# nur ein Objekt



## goldie (8. Okt 2007)

Hallo,

folgendes Problem bietet sich mir. Ich hoffe mir kann jemand helfen.

Ich habe eine Klasse (x) von der darf es nur ein einziges Objekt geben. Nun muss ich aber dieses eine Objekt in ca. 6 verschiedenen Swing Fenstern verwenden. Das soll quasi durchgereicht werden! Jeder der es braucht kann es benutzen. Wie kann ich das am elegantesten Umsetzen?
Ich dachte dabei an Observer. Nur ist mir der Observer dafür nicht das passende Mittel oder liege ich da falsch?


----------



## Marco13 (8. Okt 2007)

Die Programmierer-Hure: "Singleton"


----------



## goldie (8. Okt 2007)

Hallo,
danke das ist glaube ich das was ich Suche!
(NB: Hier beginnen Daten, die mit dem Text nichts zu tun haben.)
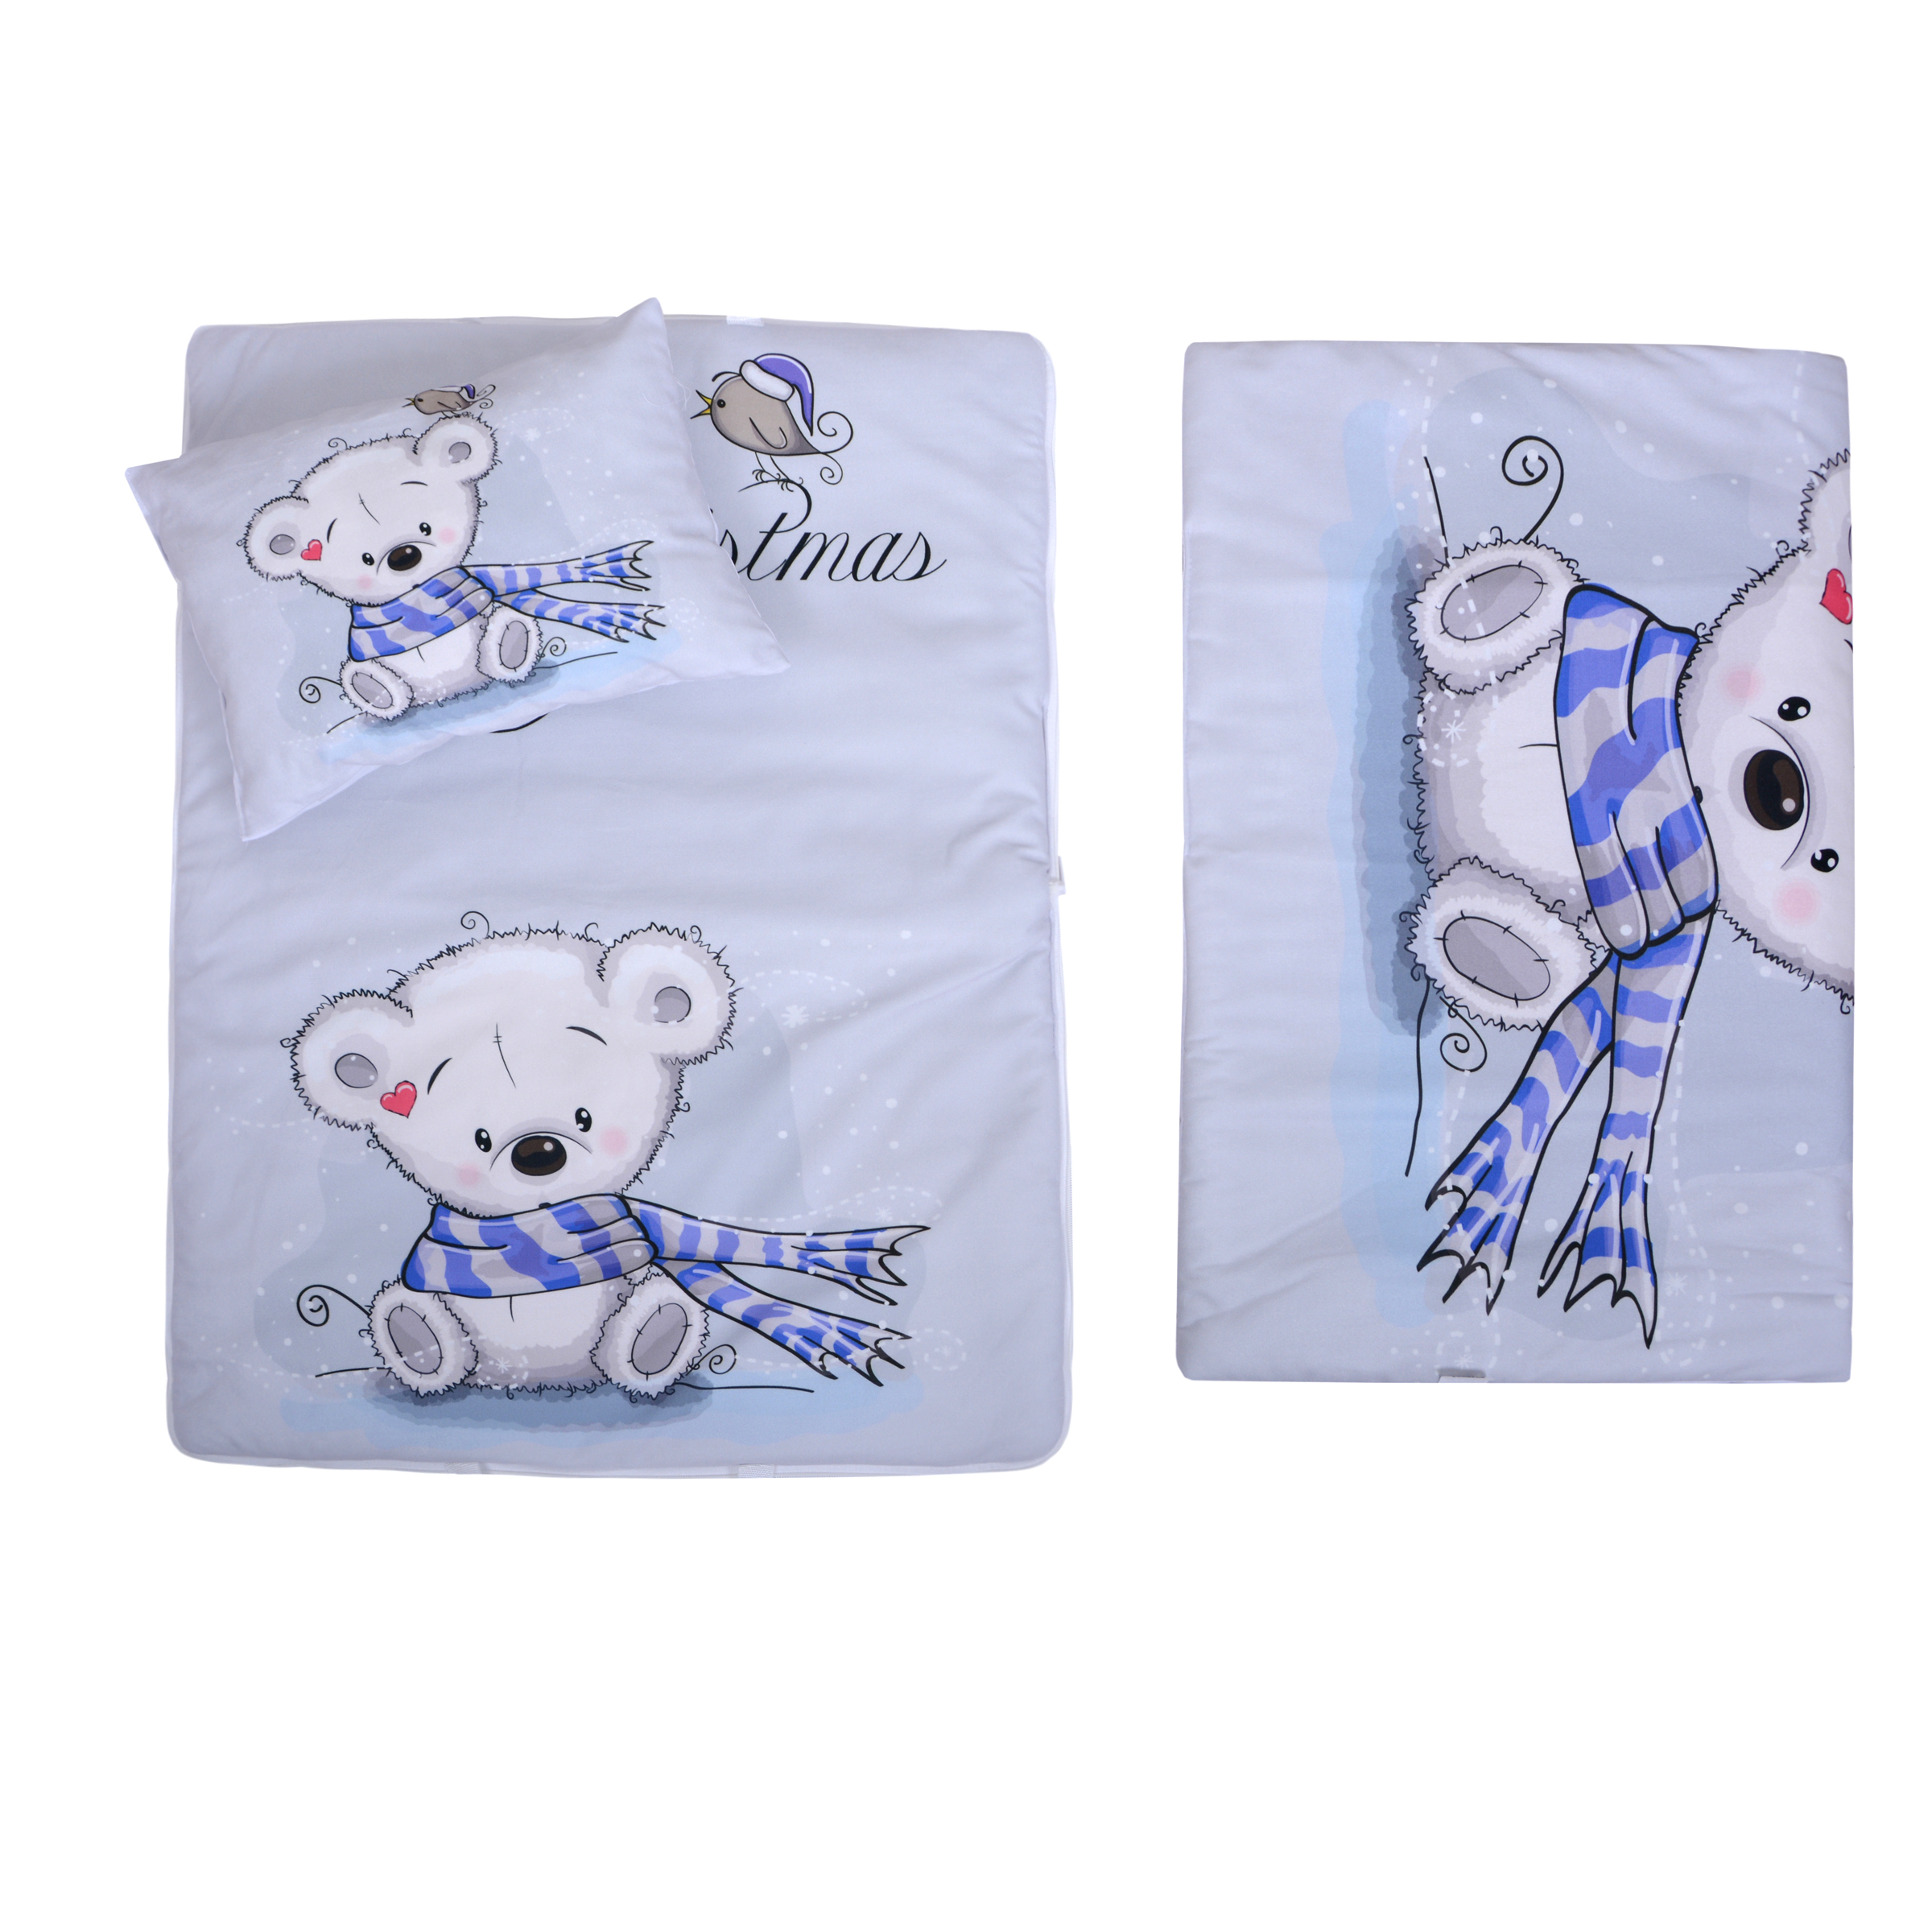 سرویس خواب کودک طرح خرس برفی مجموعه 3 عددی

Nur ich brauche den Konstruktor. Wird der dann intern verwendet?


----------



## SlaterB (8. Okt 2007)

ja, 
deklariere ihn private, dann kann es auch niemand von außen versuchen


----------



## Marco13 (8. Okt 2007)

Die etwas abfällige Bezeichnung sollte dich aber dazu veranlassen, nachzudenken, ob das wirklich die beste Lösung ist. Um was für eine Klasse geht es denn?


----------